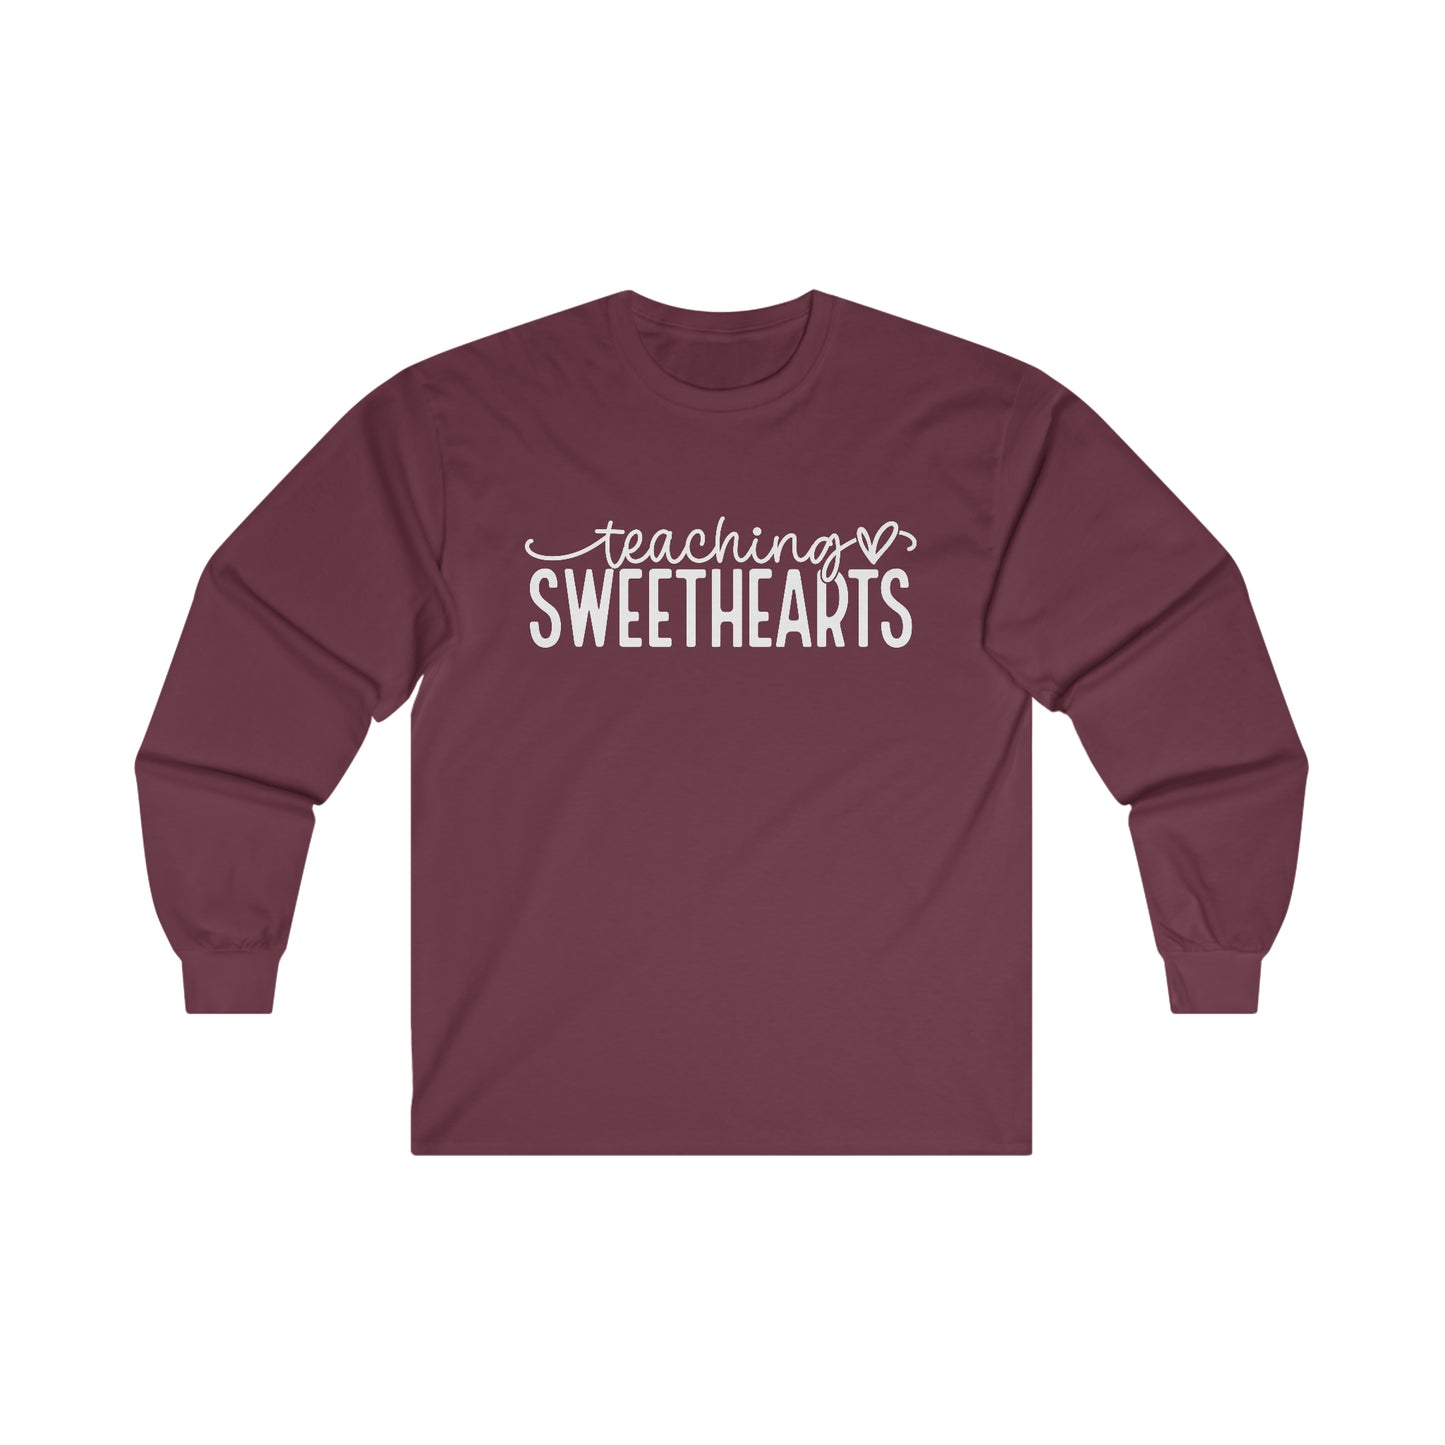 Sweethearts Long Sleeve Shirt
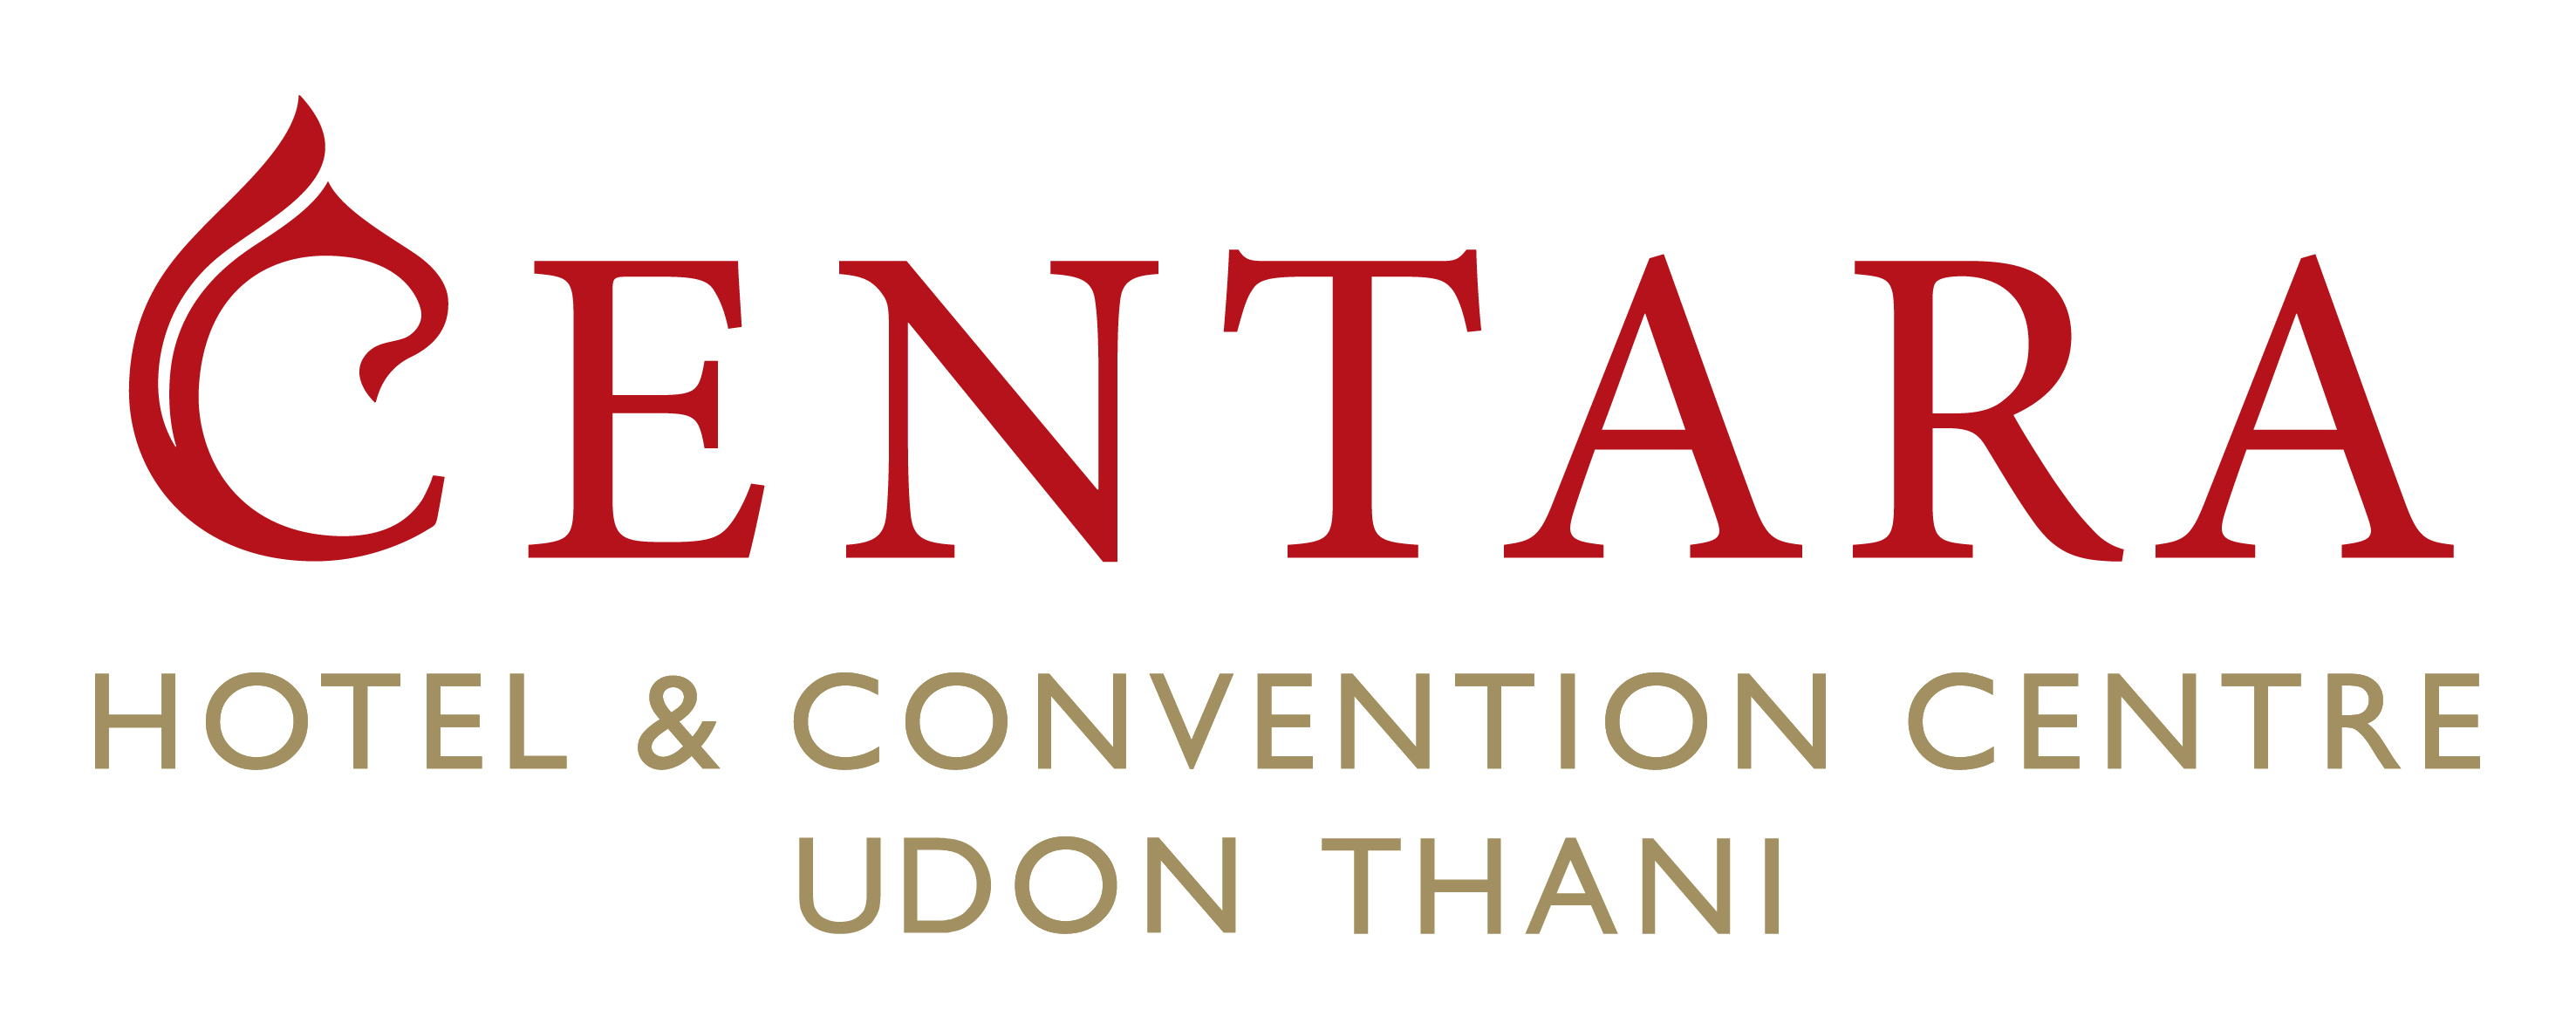 CENTARA HOTEL & CONVENTION CENTRE UDON THANI
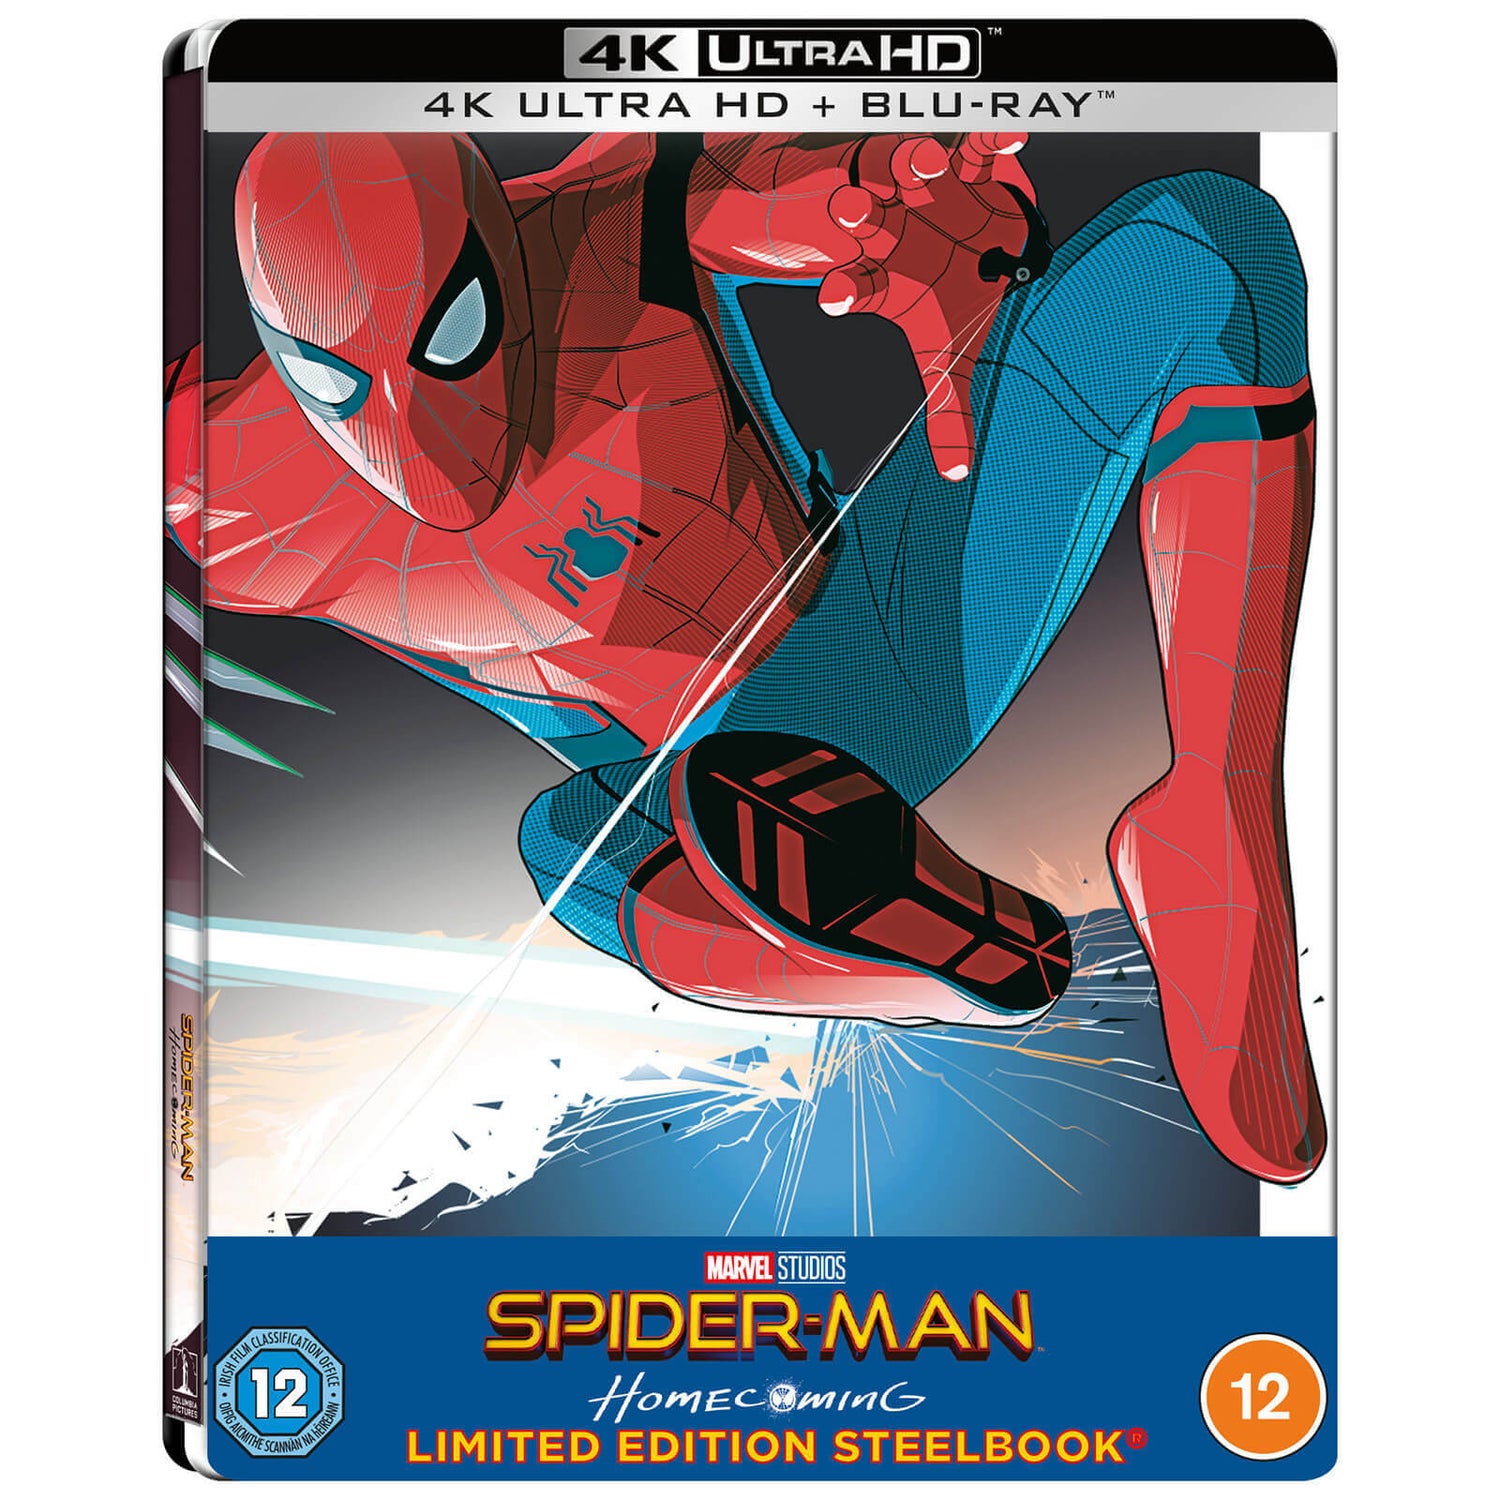 Spider-Man Homecoming/Far From Home 4k Steelbooks micasamarketing.com.pk

## Task details
Would you output the data exactly, without any of its images?

## Response
 Sweethearts Long Sleeve Shirt
 CENTARA HOTEL & CONVENTION CENTRE UDON THANI
 Spider-Man Homecoming/Far From Home 4k Steelbooks micasamarketing.com.pk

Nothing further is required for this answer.